[Aim of the task]: Repeat the data in full and exactly. Leave the pictures out.

[Supplied information]:
+ + +

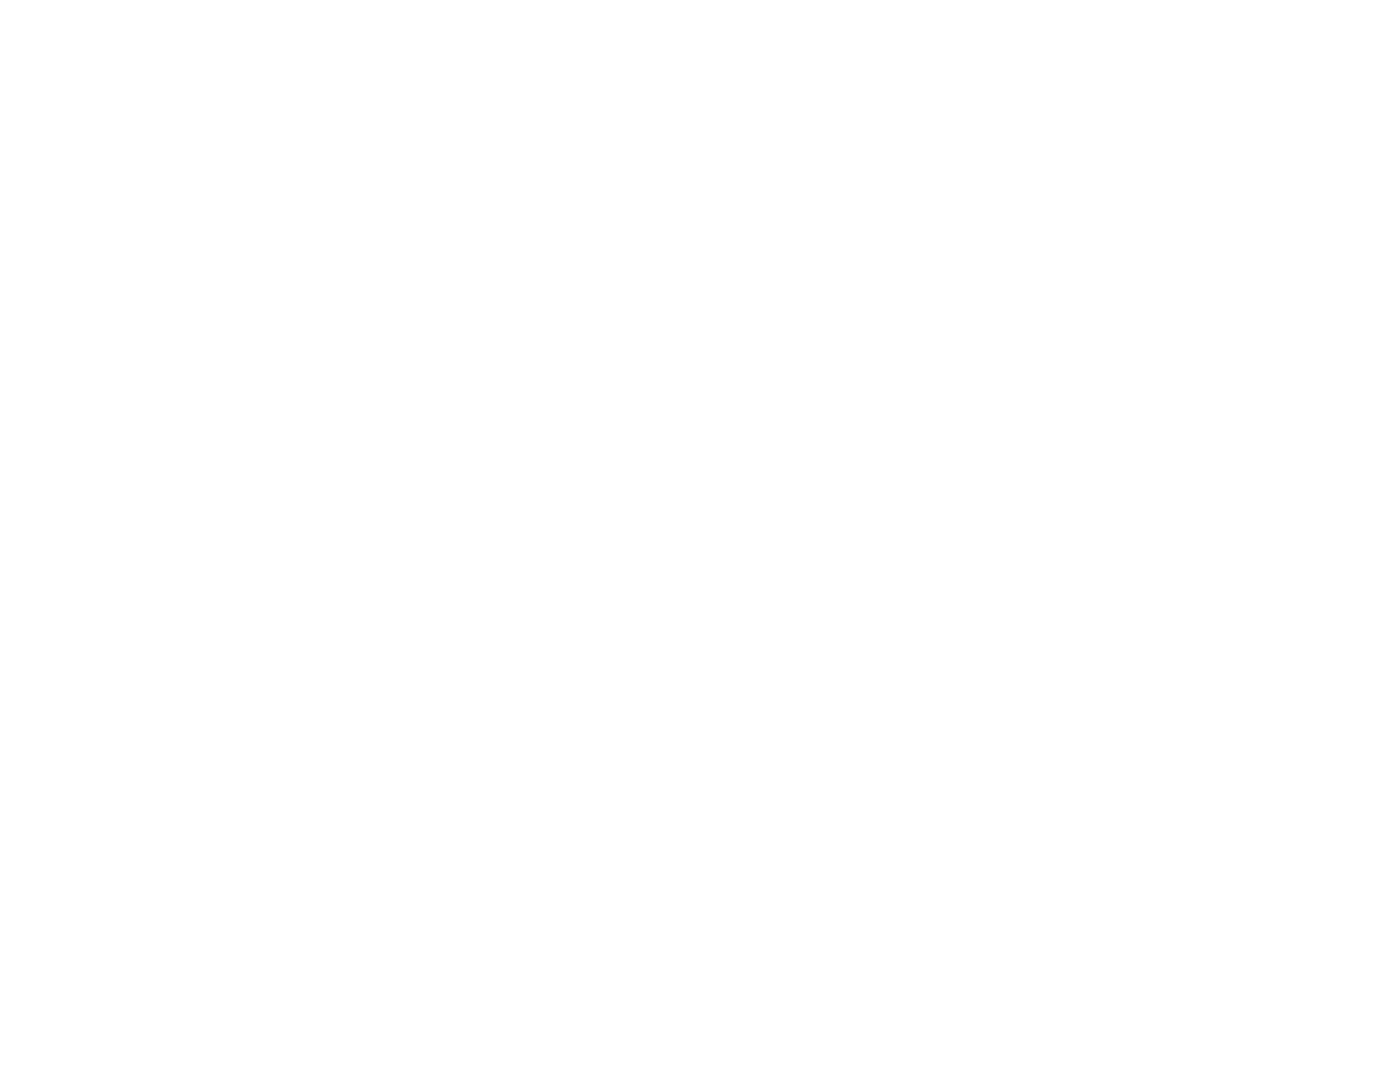 mbs-logo-05.png
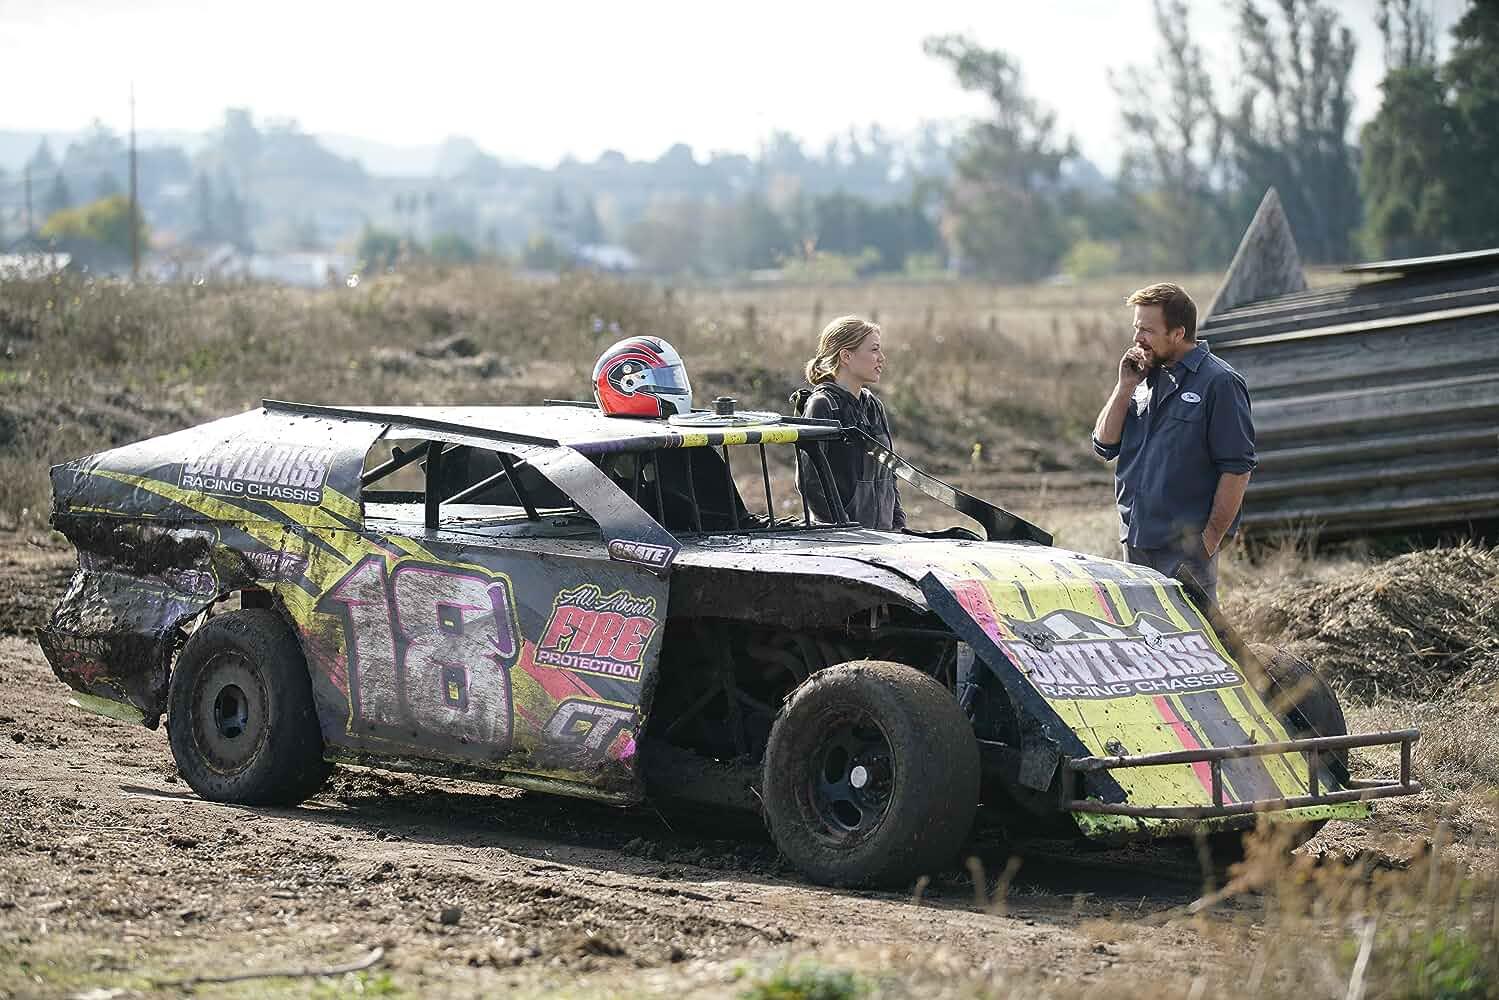 Sean Patrick Flanery and Grace Van Dien in Lady Driver (2020)
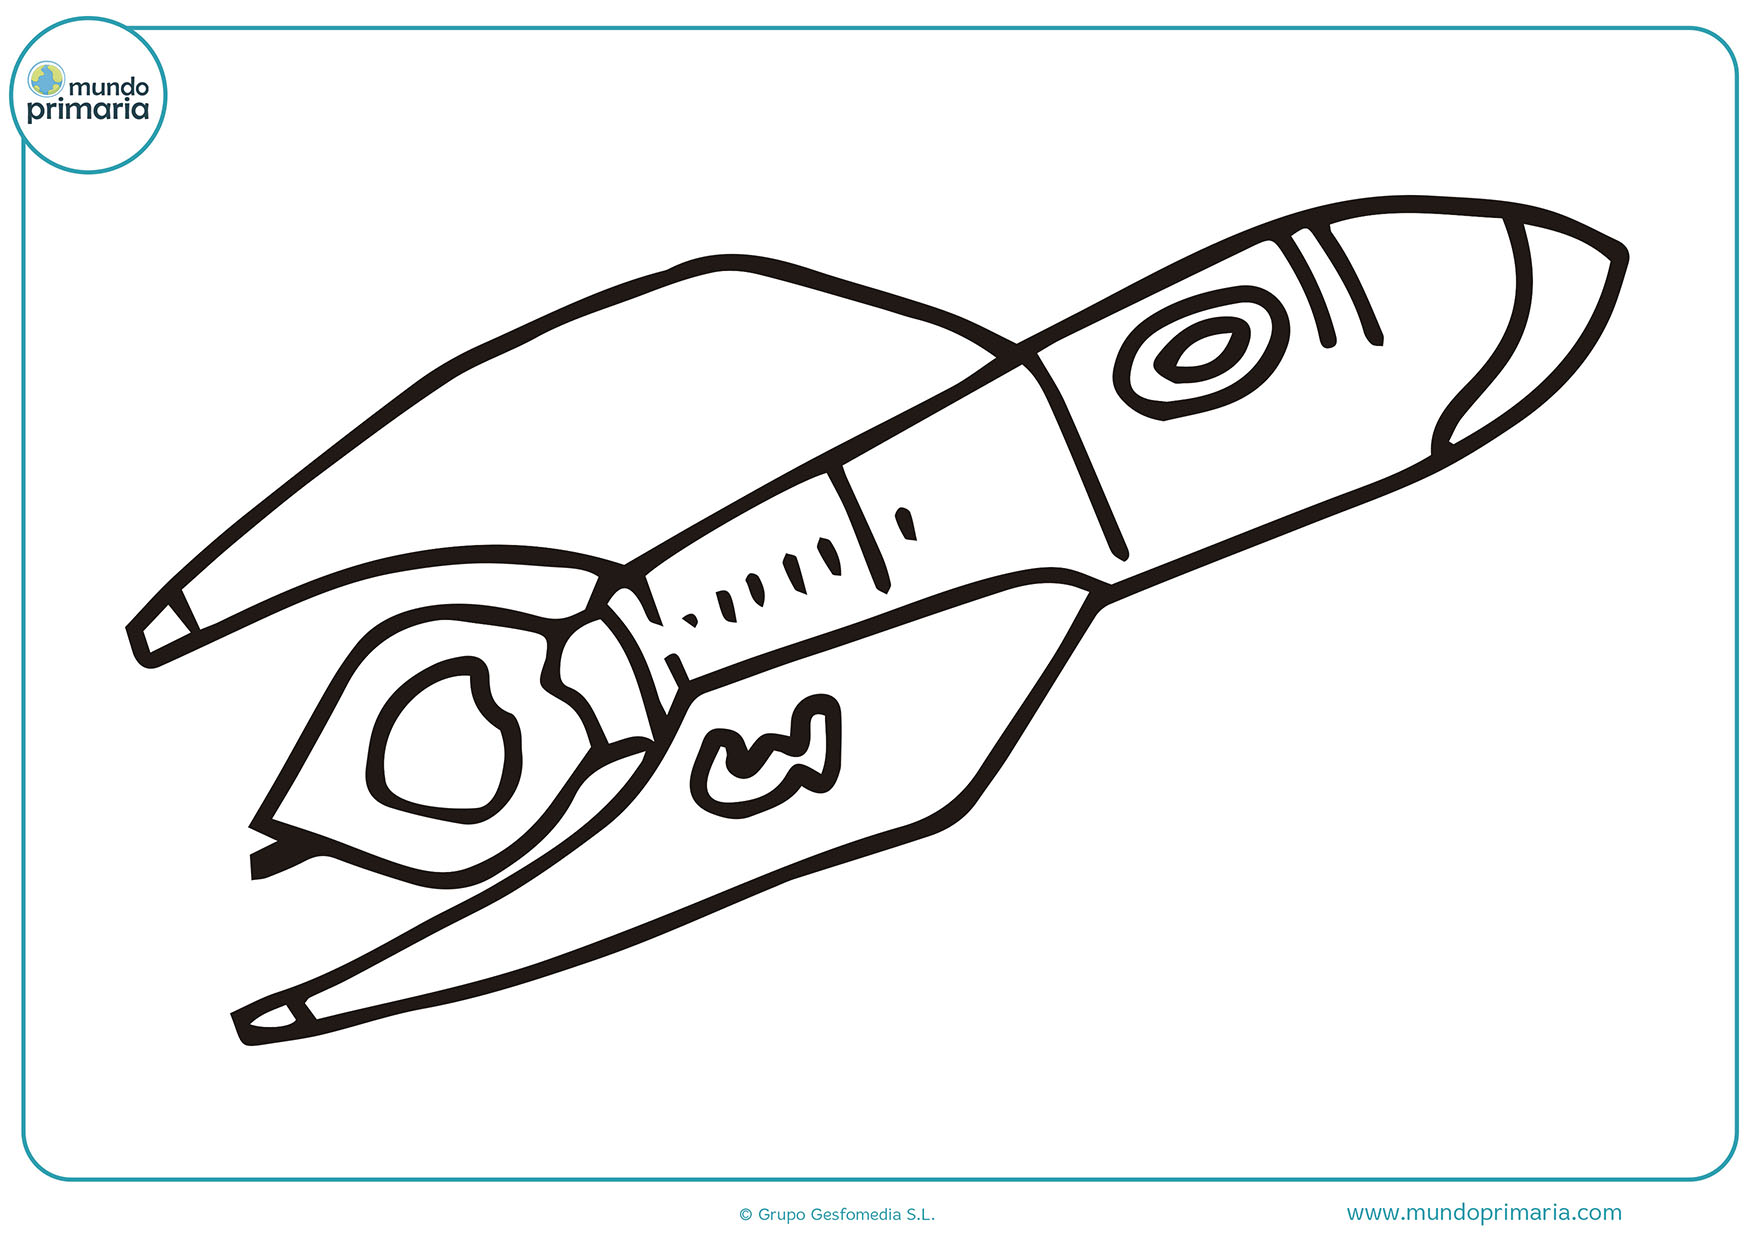 Dibujos de cohetes para colorear - Mundo Primaria

+ + +

[Task result]:
 mbs-logo-05.png
 Sean Patrick Flanery and Grace Van Dien in Lady Driver (2020)
 Dibujos de cohetes para colorear - Mundo Primaria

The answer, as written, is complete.